==== Dataset excerpt

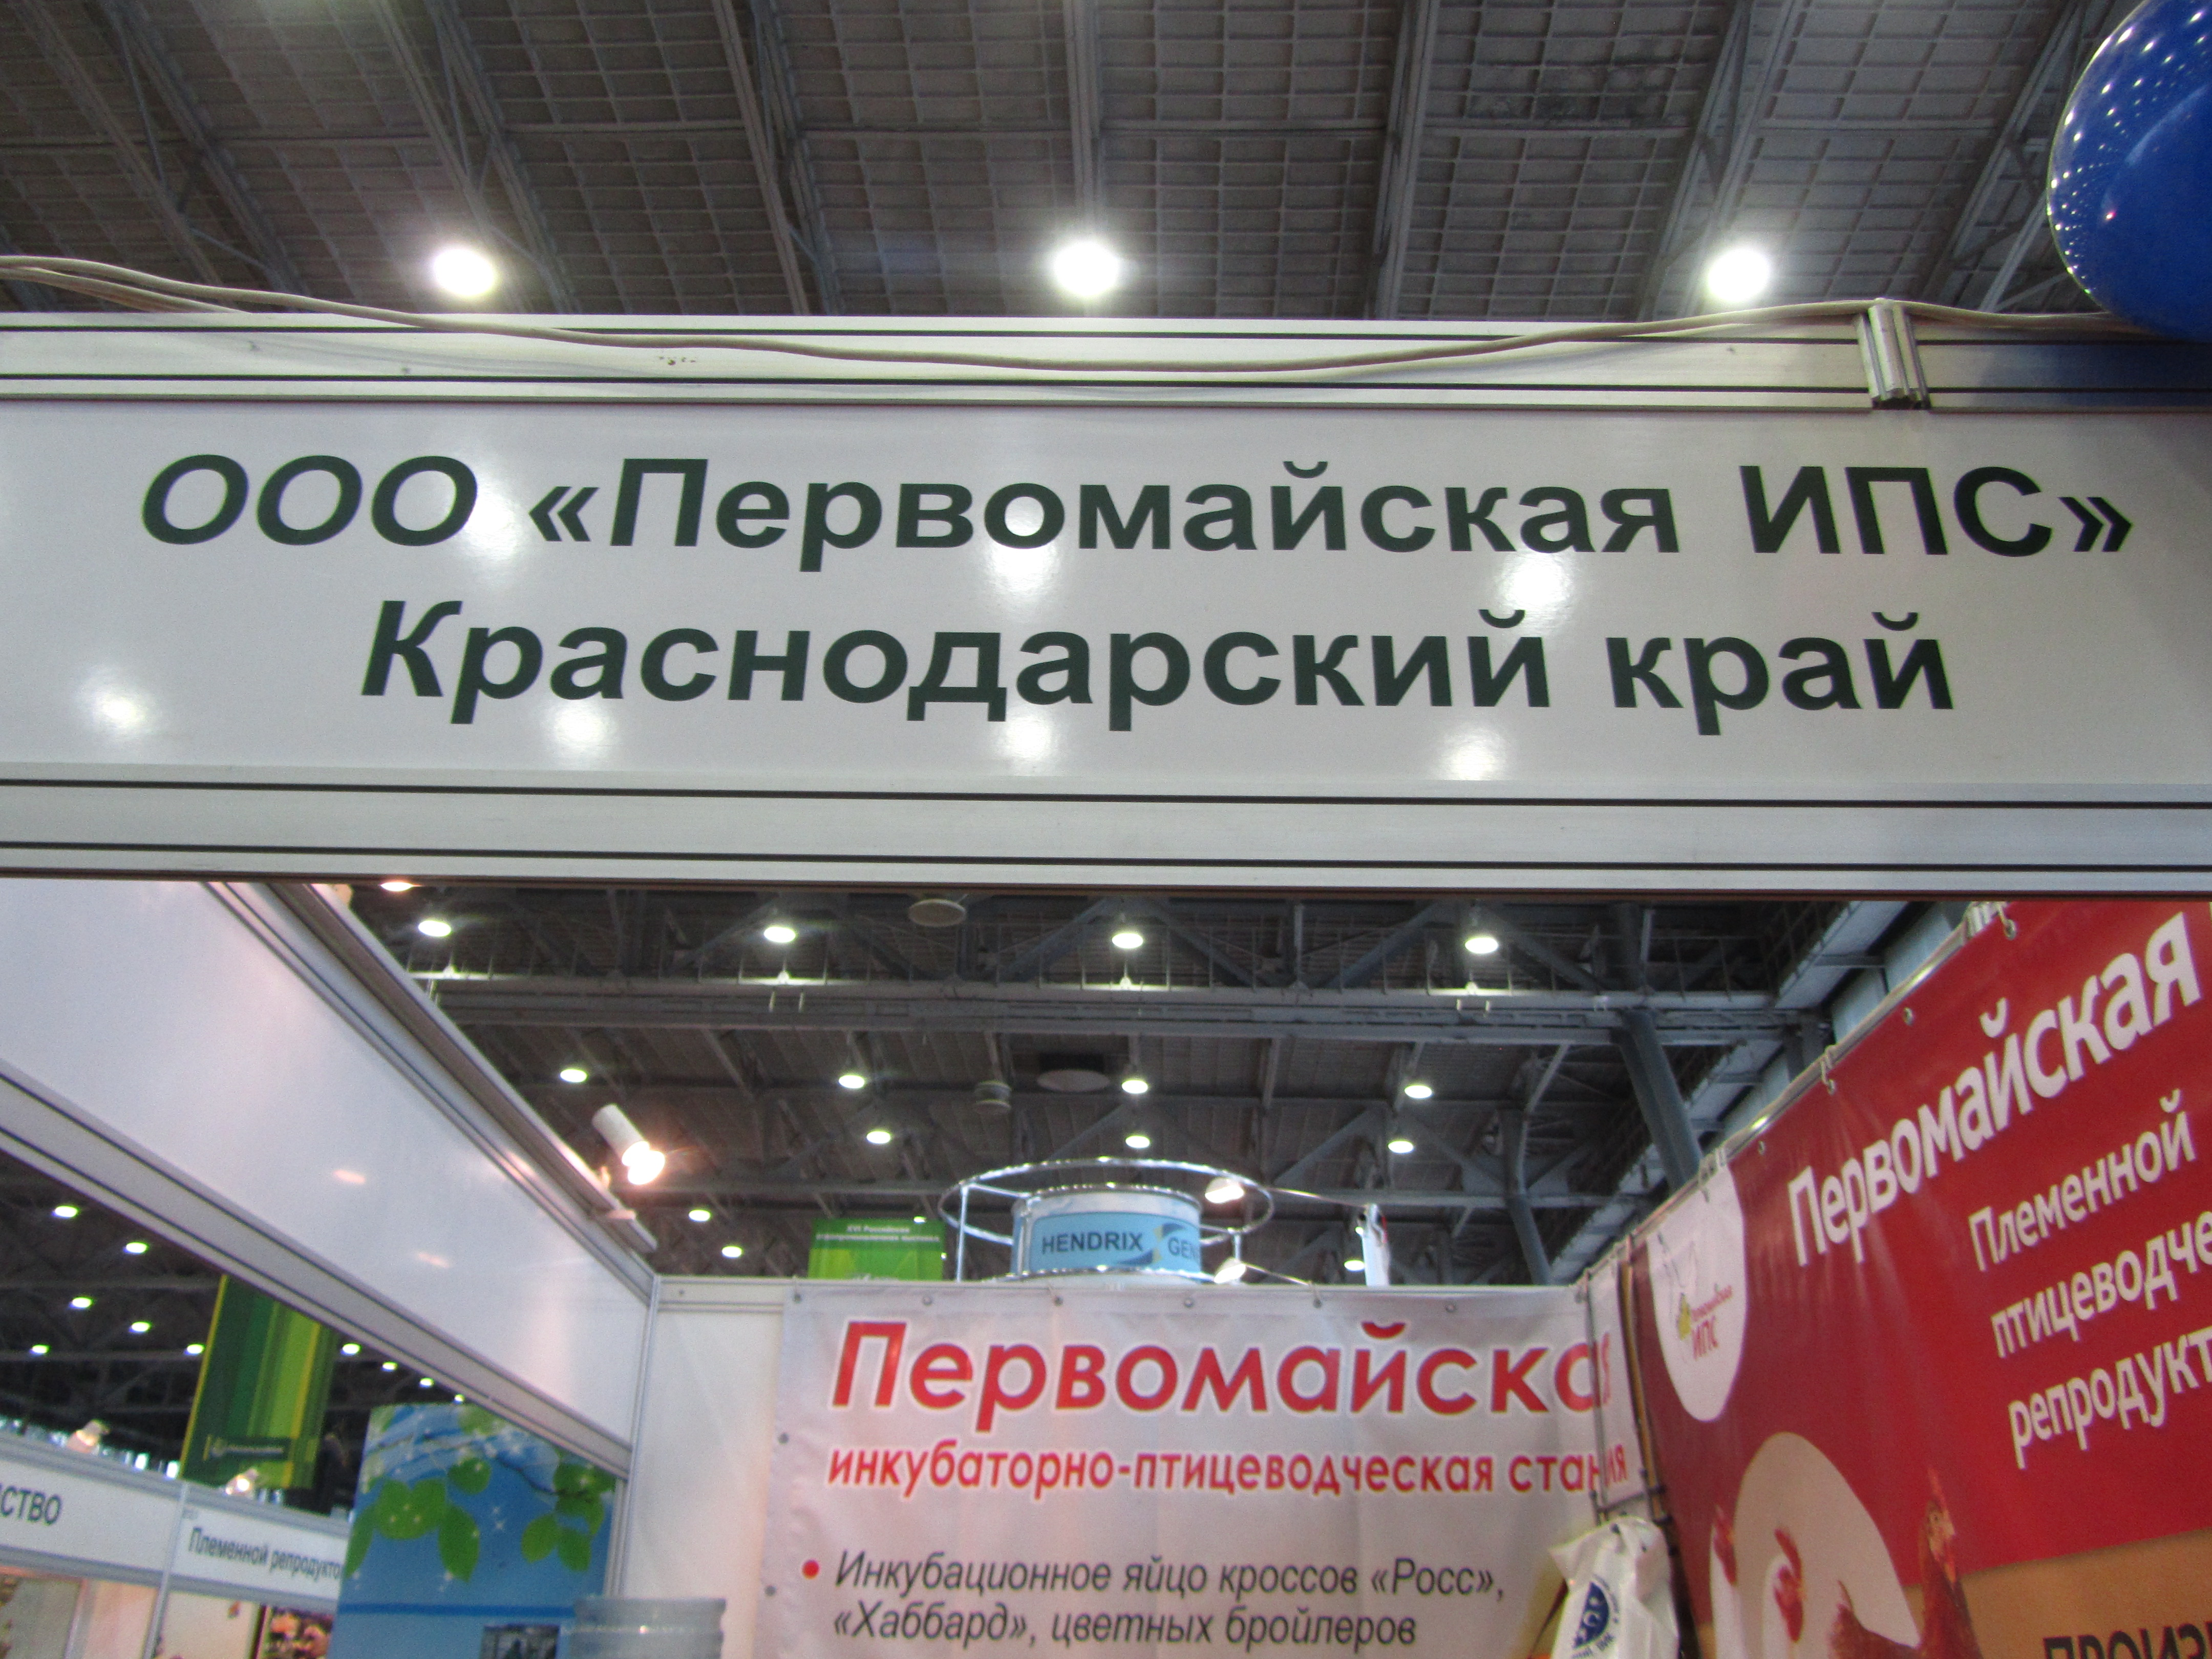 img6508.jpg
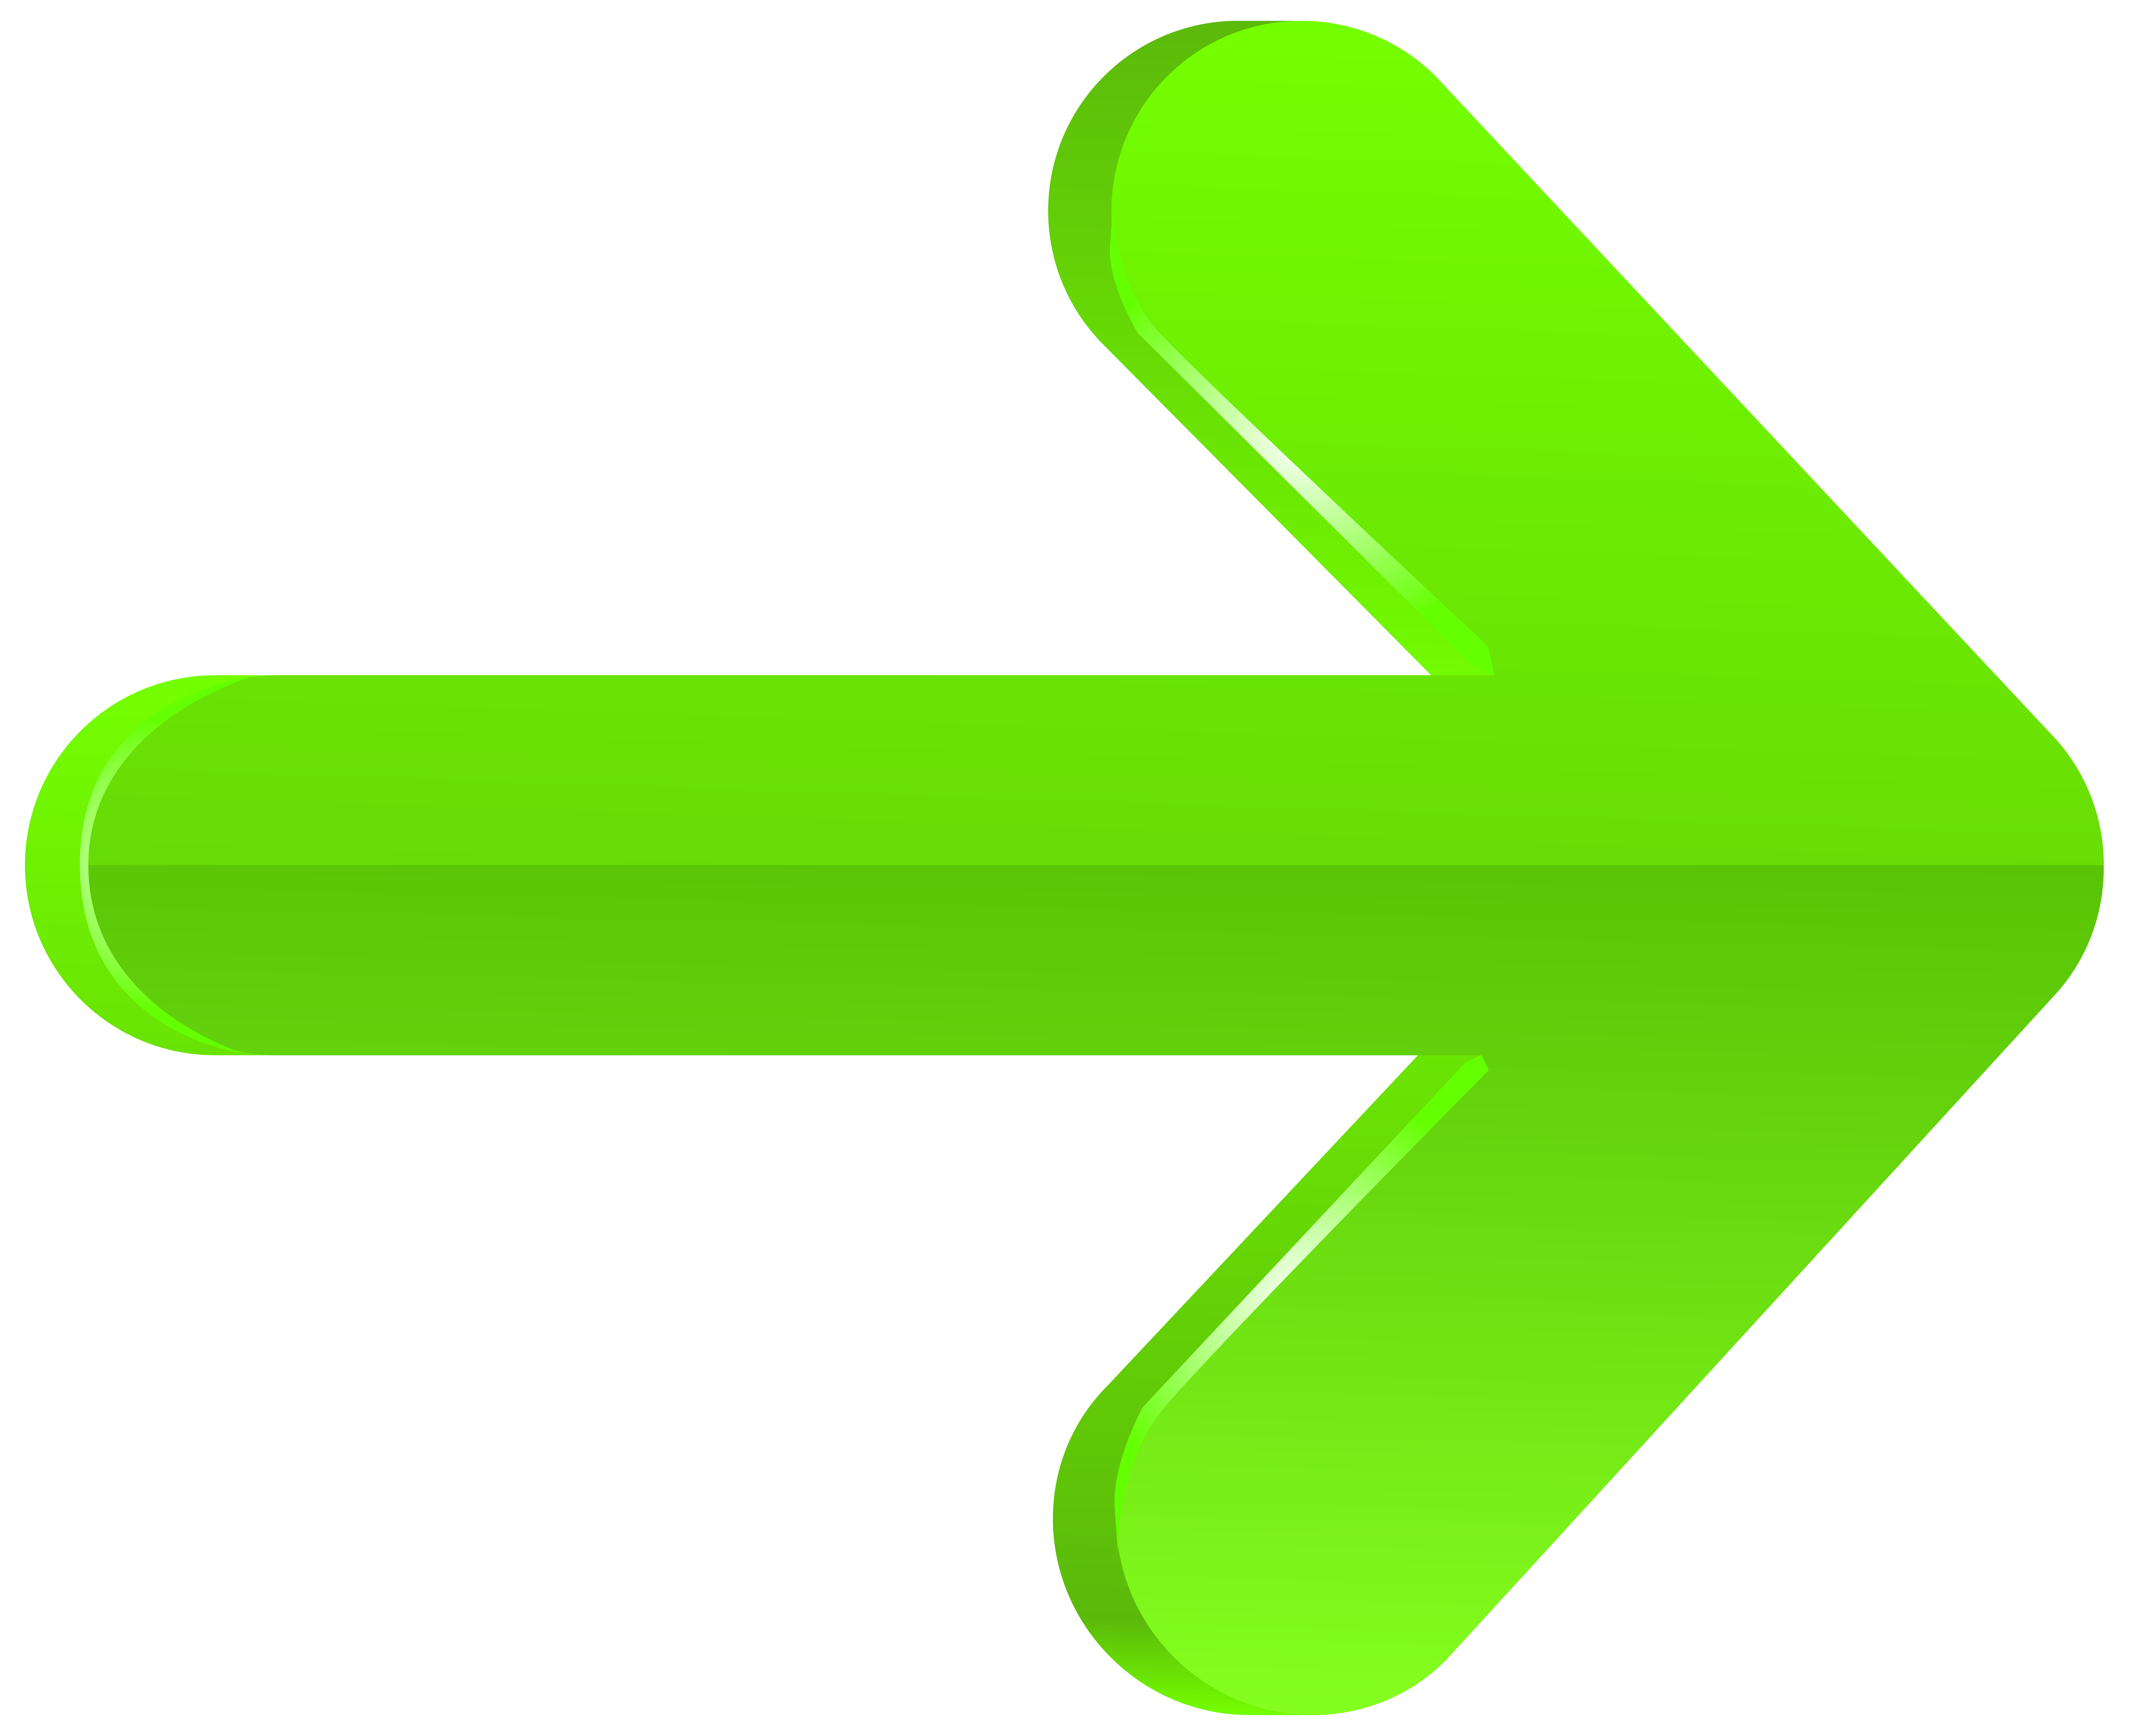 Finger clipart arrow. Right green png transparent
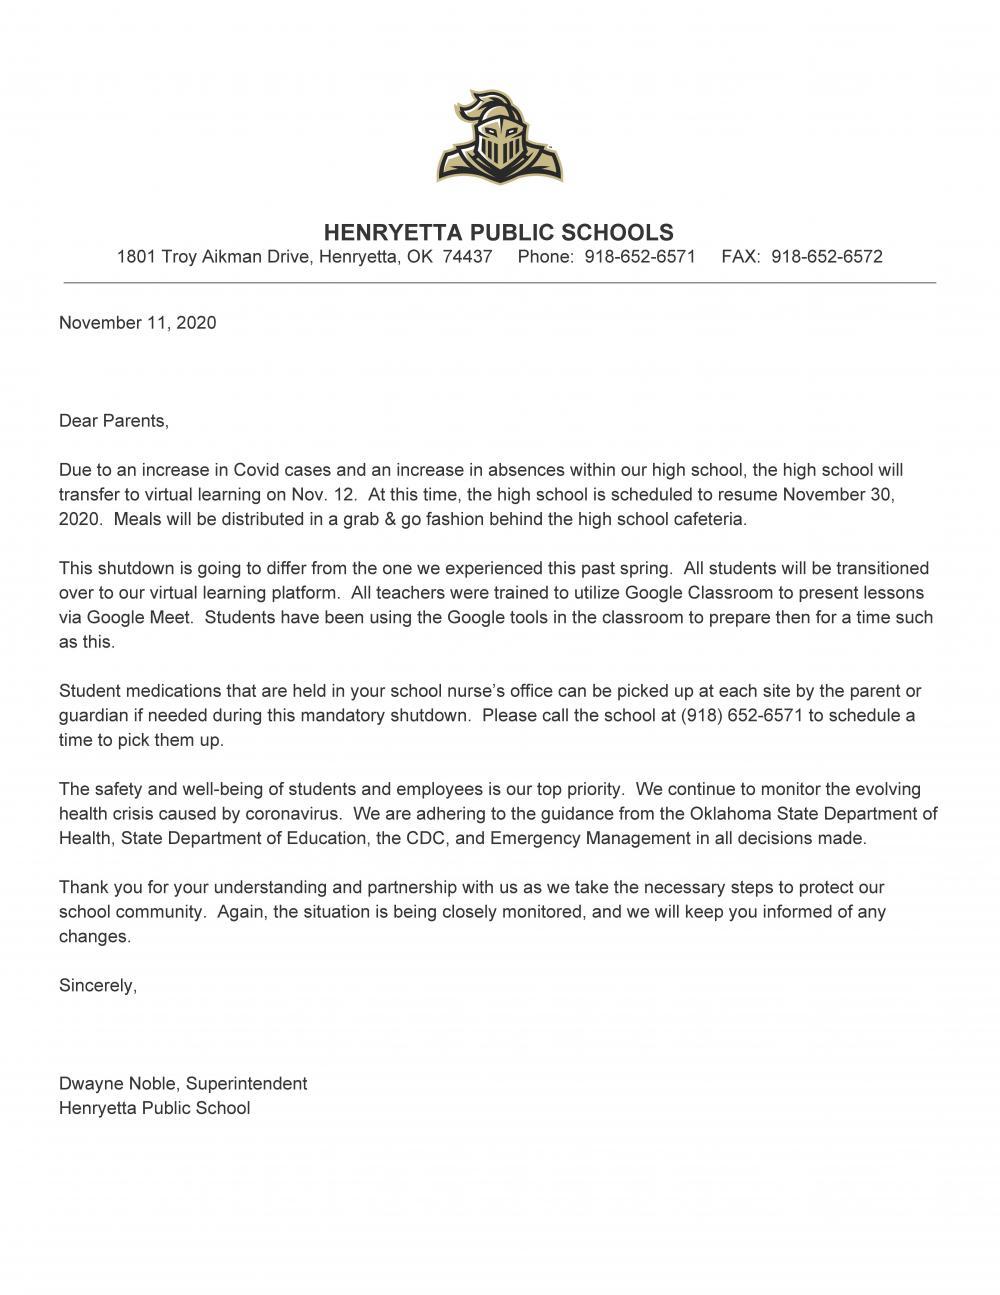 Updated HS Covid Closure
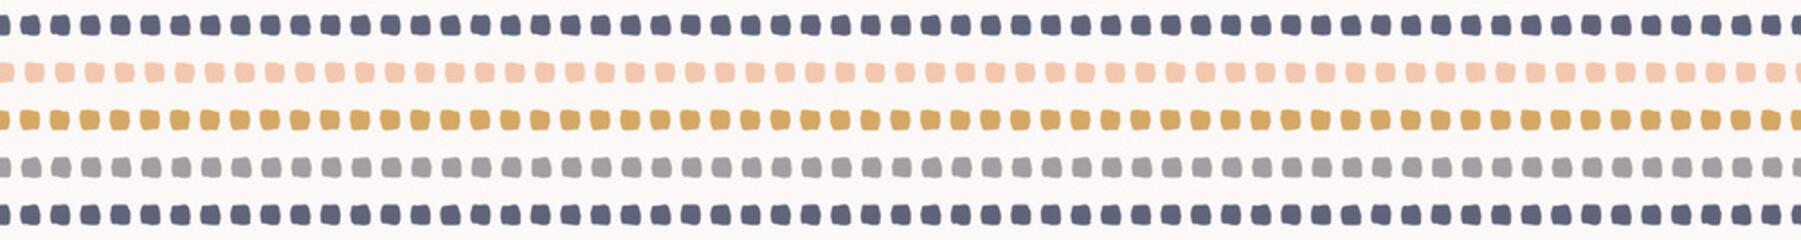 Hand drawn graphic doodle stripes seamless border pattern. Sketchy organic lines edging vector illustration. Modern graphic design. Fresh gender neutral scandi style scribble. Kid decor ribbon trim

========

Task details:
Give the data above back unchanged, except for the pictures.

Solution:
 img6508.jpg
 Finger clipart arrow. Right green png transparent
 Updated HS Covid Closure
 Hand drawn graphic doodle stripes seamless border pattern. Sketchy organic lines edging vector illustration. Modern graphic design. Fresh gender neutral scandi style scribble. Kid decor ribbon trim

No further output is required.